Keywords: Viburnum dilatatum, chloroplast genome, Illumina sequencing, phylogenetic tree
Viburnum is a genus of Adoxaceae, including more than 200 species, and widely distributed in temperate and subtropical regions of the world. It has been reported that the solvent extracts of Viburnum dilatatum Thunb. could be used as an anti-irritation ingredient (Kwon et al. 2010). And its fruit has the alpha-glucosidase inhibitory activities and the antihyperglycemic action (Kunihisal et al. 2006). It is closely related to Viburnum erosum Thunb. and Viburnum wrightii Miq., meanwhile its intermediate forms are often found, resulting in taxonomic confusions (Jongsun 2019). So our complete Chloroplast genome data of V. dilatatum can contribute to a better understanding of the evolution of Viburnum.
The fresh leaf samples of V. dilatatum were collected in Botanical Garden, Zhengzhou, China (N34449.1680; E1133211.7960). The voucher specimen was deposited at the Herbarium of Henan Agricultural University (voucher number:VD-20-0915). The total genomic DNA was extracted from fresh leaves of V. dilatatum using a modified CTAB method (Doyle and Doyle 1987). Sequencing was performed with the Illumina HiSeq2500 Platform (San Diego, CA). The raw reads were generated by Illumina paired-end sequencing after removing adapters. The low-quality sequences of raw reads used Fastp (https://github.com/OpenGene/Fastp) for quality control. Resultant clean reads were assembled by GetOrganelle pipeline version 1.6.3a (https://github.com/Kinggerm/GetOrganelle) with the gene from Viburnum utile (GenBank accession no. NC_032296) as the reference sequence. The genome was automatically annotated by using the CpGAVAS2 pipeline (http://www.herbalgenomics.org/cpgavas) (Shi et al. 2019) and start/stop codons and intron/exon boundaries were adjusted in Geneious 20.2.2 (https://www.geneious.com/).
The chloroplast genome sequences of V. dilatatum were submitted to NCBI, and the accession number was MW346666. The genome sequences of V. dilatatum is 158,392 bp, consisting of a large single-copy (LSC) region with 87,070 bp, a small single-copy (SSC) region with 18,242 bp, and two inverted repeat (IR) regions with 26,540 bp. The GC content in the chloroplast genome of V. dilatatum is 38.1%. The chloroplast genome of V. dilatatum contained 126 genes, including 83 protein-coding genes, 39 tRNA genes, and 4 rRNA genes.

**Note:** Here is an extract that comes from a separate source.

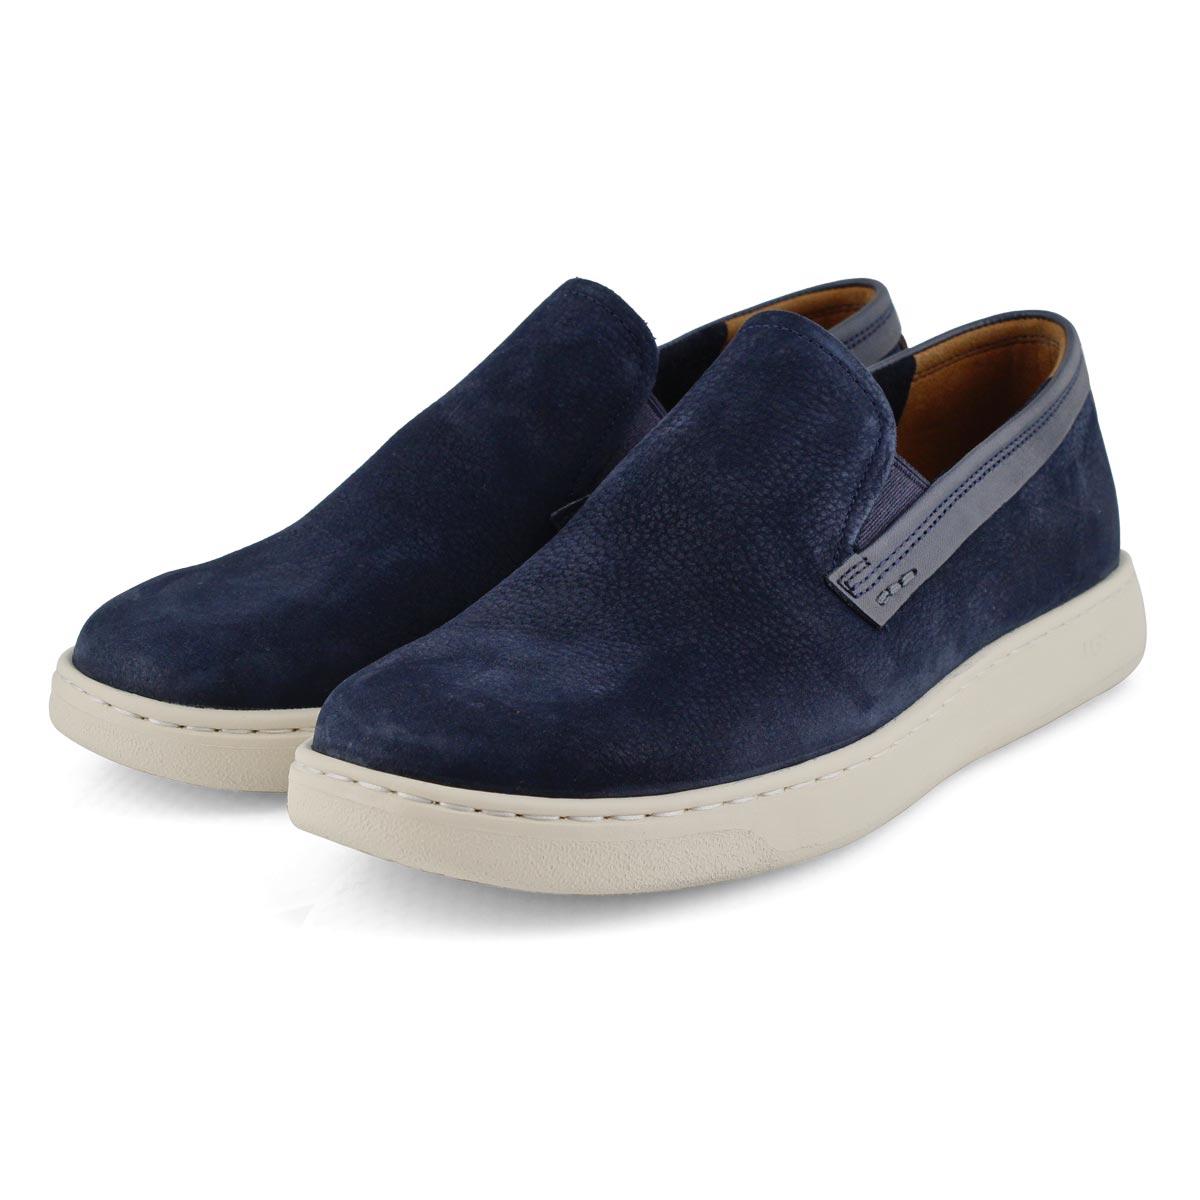 Mns Pismo dk sapphire slip on sneaker

The phylogenetic tree was constructed based on the genome sequences of V. dilatatum in RAxML version 8.2 (Stamatakis 2006) with 1000 bootstrap replicates. As shown in the phylogenetic tree (Figure 1), the sixteen Adoxaceae species were grouped into four clusters. One of the clusters was comprised of four genus Viburnum species, which V. dilatatum was closely related to V. utile. This result was similar to the previous phylogenetic trees based on chloroplast genome sequences of Adoxaceae (Wang et al. 2020; Zhao et al. 2020).
Figure 1.
Maximum likelihood (ML) phylogenetic tree inferred from 16 plant chloroplast genomes. Numbers next to the branches are bootstrap support percentages.
Funding Statement
This work was supported by High-level talents scientific research project of North China University of Water Resources and Electric Power [201629].
Disclosure statement
No potential conflict of interest was reported by the author(s).
Data availability statement
The genome sequence data that support the findings of this study are openly available in GenBank of NCBI at (https://www.ncbi.nlm.nih.gov/) under the accession no. MW346666. The associated BioProject, SRA, and Bio-Sample numbers are PRJNA670186, SRA: SRS7893946, and SAMN17100625, respectively.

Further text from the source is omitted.